Pimple Saudagar  is a neighbourhood in the city of Pune, India. Situated from Chinchwad and closeby prominent suburbs of Baner and Aundh, the locality is a progressive residential area that attracts the newer population of the city.

Its proximity to the Rajiv Gandhi Infotech Park located at Hinjawadi makes it a residential hub for people working in the Information Technology industry.

History
Pimple Saudagar was earlier an underdeveloped area. From the late 1990s, the area grew to catch up with the vast industrialization and expansion of the Pune city.  The introduction of the Rajiv Gandhi Infotech Park in Hinjawadi in 2003 sparked a tremendous real estate growth in the region favored by IT professionals. and it has become a golden crown of Pimpri-Chinchwad having high life standard.

Geography and Climate
Pimple Saudagar is located on relatively flat land.

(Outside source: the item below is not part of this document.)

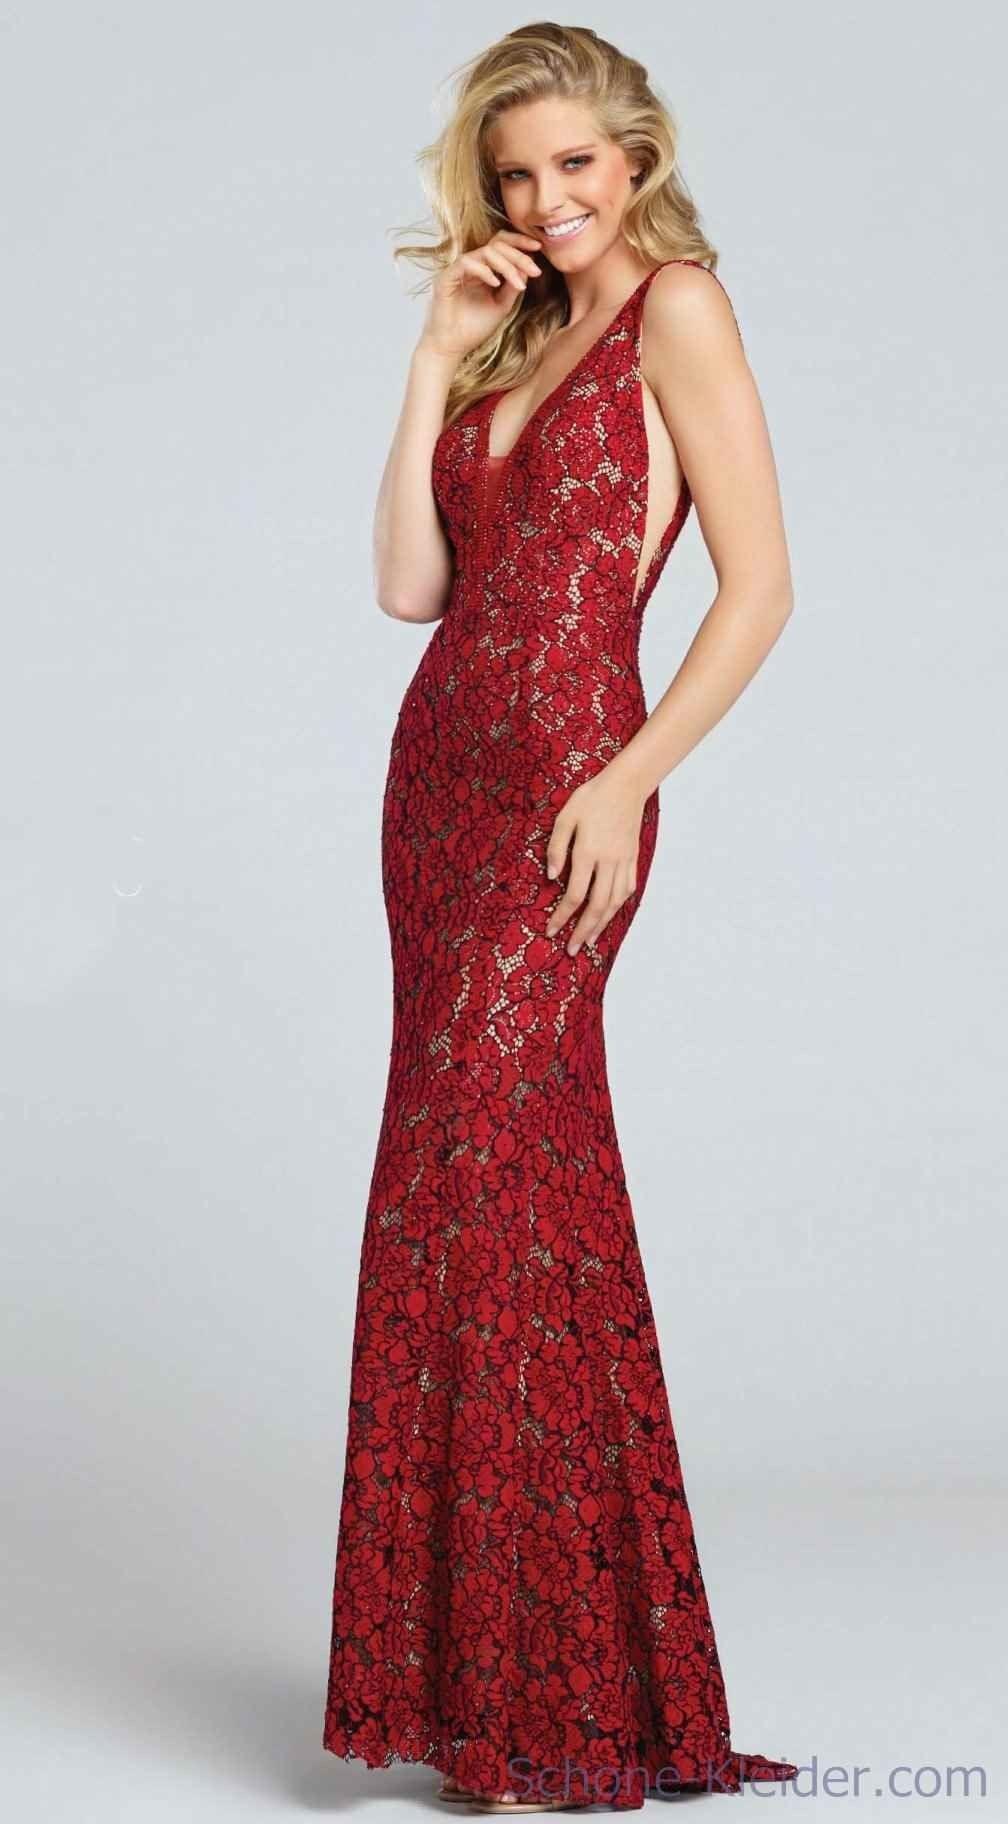 15-fantastisch-glamourose-abendkleider-galerie

The Pavana River cuts through the northern areas of the locality. The Pavana dam on the river is the major source of water for this area, however, water shortage is being experienced in recent years due to the expanding population and water usage. The suburbs bordering Pimple Saudagar are Pimpri, Rahatani to the north, Wakad to the west, Pimple Nilakh to the south and Pimple Gurav, Sangvi to the east. The climate of Pimple Saudagar is almost identical to that of Pune as a whole.

Transportation
Pimple Saudagar is well connected to the rest of the city by public transportation. PMPML buses shuttle across the area frequently, connecting it with other areas of the city however buses are not in good condition. Auto Rickshaws are also available however it is difficult to convince them sometimes to run on meter. Pimple Saudagar is traversed by the Nashik Phata road, connecting the area with Kasarvadi, a major road junction. The road follows west to connect the area with Wakad, leading to Hinjawadi.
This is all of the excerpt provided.